Deep Learning: A Breakthrough in Medical Imaging.

机构信息

Artificial Intelligence and Computer Vision (iVision) Lab, Department of Electrical Engineering, Institute of Space Technology, Islamabad, Pakistan

Department of Avionics Engineering, Institute of Space Technology, Islamabad, Pakistan

出版信息

Curr Med Imaging. 2020;16(8):946-956. doi: 10.2174/1573405615666191219100824.

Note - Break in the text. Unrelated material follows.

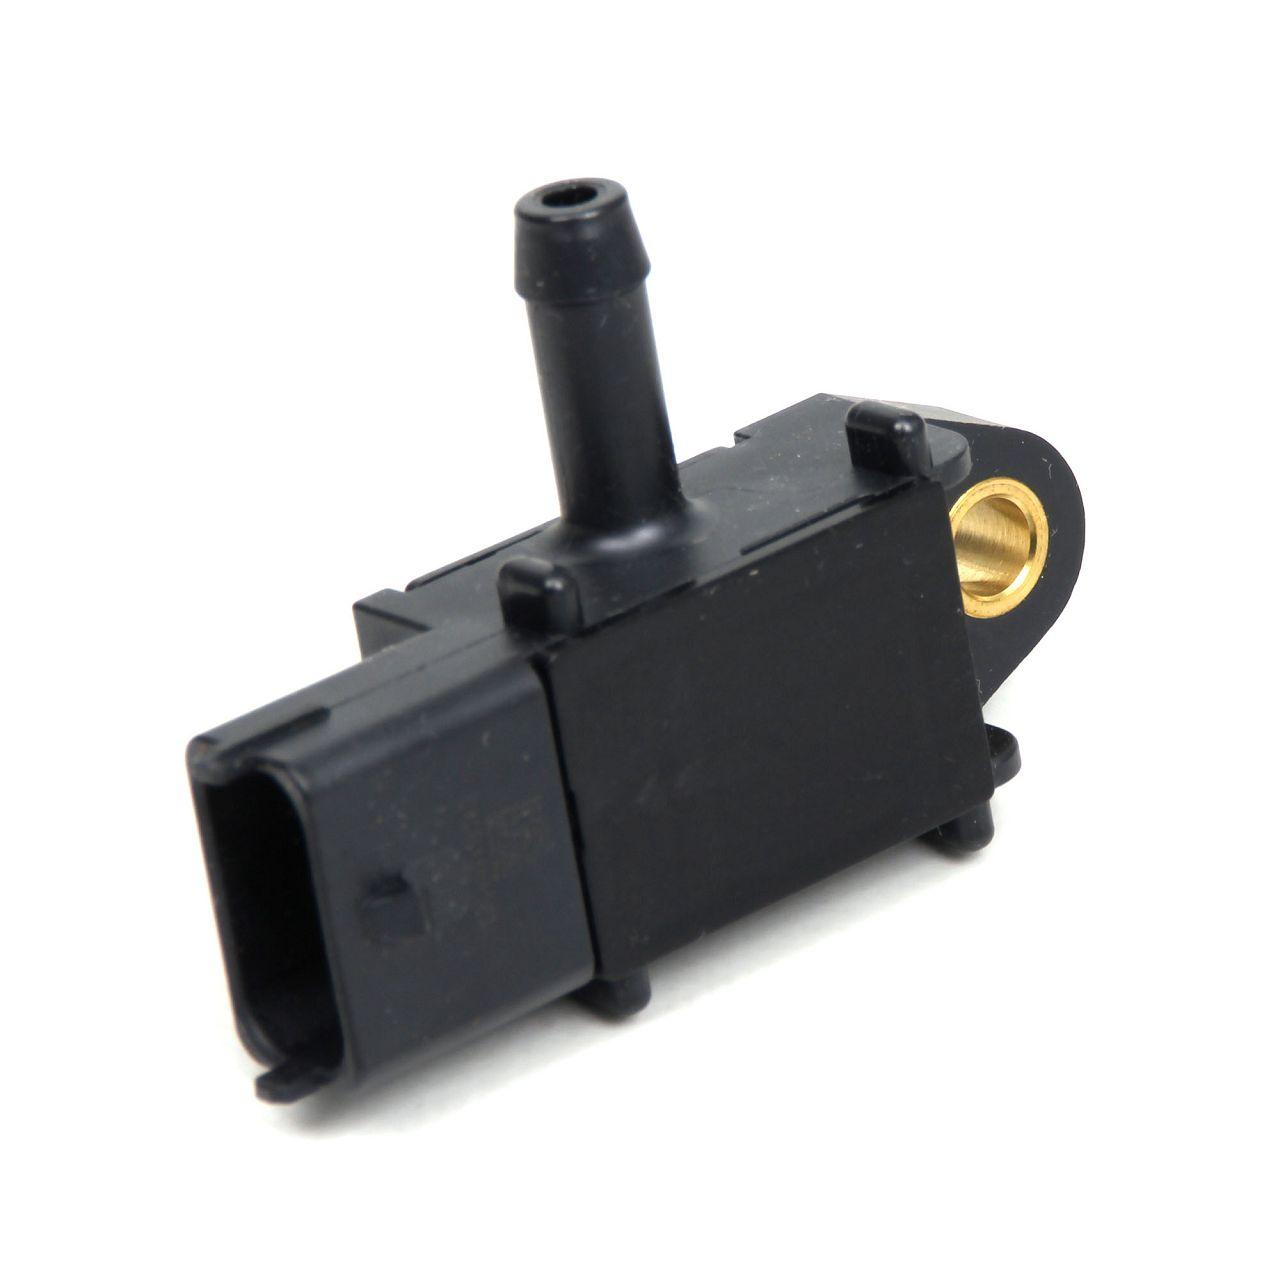 Abgasdrucksensor Drucksensor OPEL Astra H J Corsa D Insignia Zafira B C 862040

DOI:10.2174/1573405615666191219100824
PMID:33081657
Abstract

Deep learning has attracted great attention in the medical imaging community as a promising solution for automated, fast and accurate medical image analysis, which is mandatory for quality healthcare. Convolutional neural networks and its variants have become the most preferred and widely used deep learning models in medical image analysis. In this paper, concise overviews of the modern deep learning models applied in medical image analysis are provided and the key tasks performed by deep learning models, i.e. classification, segmentation, retrieval, detection, and registration are reviewed in detail. Some recent researches have shown that deep learning models can outperform medical experts in certain tasks. With the significant breakthroughs made by deep learning methods, it is expected that patients will soon be able to safely and conveniently interact with AI-based medical systems and such intelligent systems will actually improve patient healthcare. There are various complexities and challenges involved in deep learning-based medical image analysis, such as limited datasets. But researchers are actively working in this area to mitigate these challenges and further improve health care with AI.

摘要

深度学习作为一种自动化、快速和准确的医学图像分析的有前途的解决方案,已经引起了医学成像领域的极大关注,这对医疗质量至关重要。卷积神经网络及其变体已成为医学图像分析中最受欢迎和广泛使用的深度学习模型。本文简要概述了应用于医学图像分析的现代深度学习模型,并详细回顾了深度学习模型执行的关键任务,即分类、分割、检索、检测和配准。最近的一些研究表明,深度学习模型在某些任务上可以超越医学专家。随着深度学习方法取得重大突破,预计患者将很快能够安全、方便地与基于人工智能的医疗系统进行交互,而这种智能系统实际上将改善患者的医疗保健。基于深度学习的医学图像分析涉及到许多复杂和挑战,例如数据集有限。但研究人员正在积极研究这个领域,以减轻这些挑战,并通过人工智能进一步改善医疗保健。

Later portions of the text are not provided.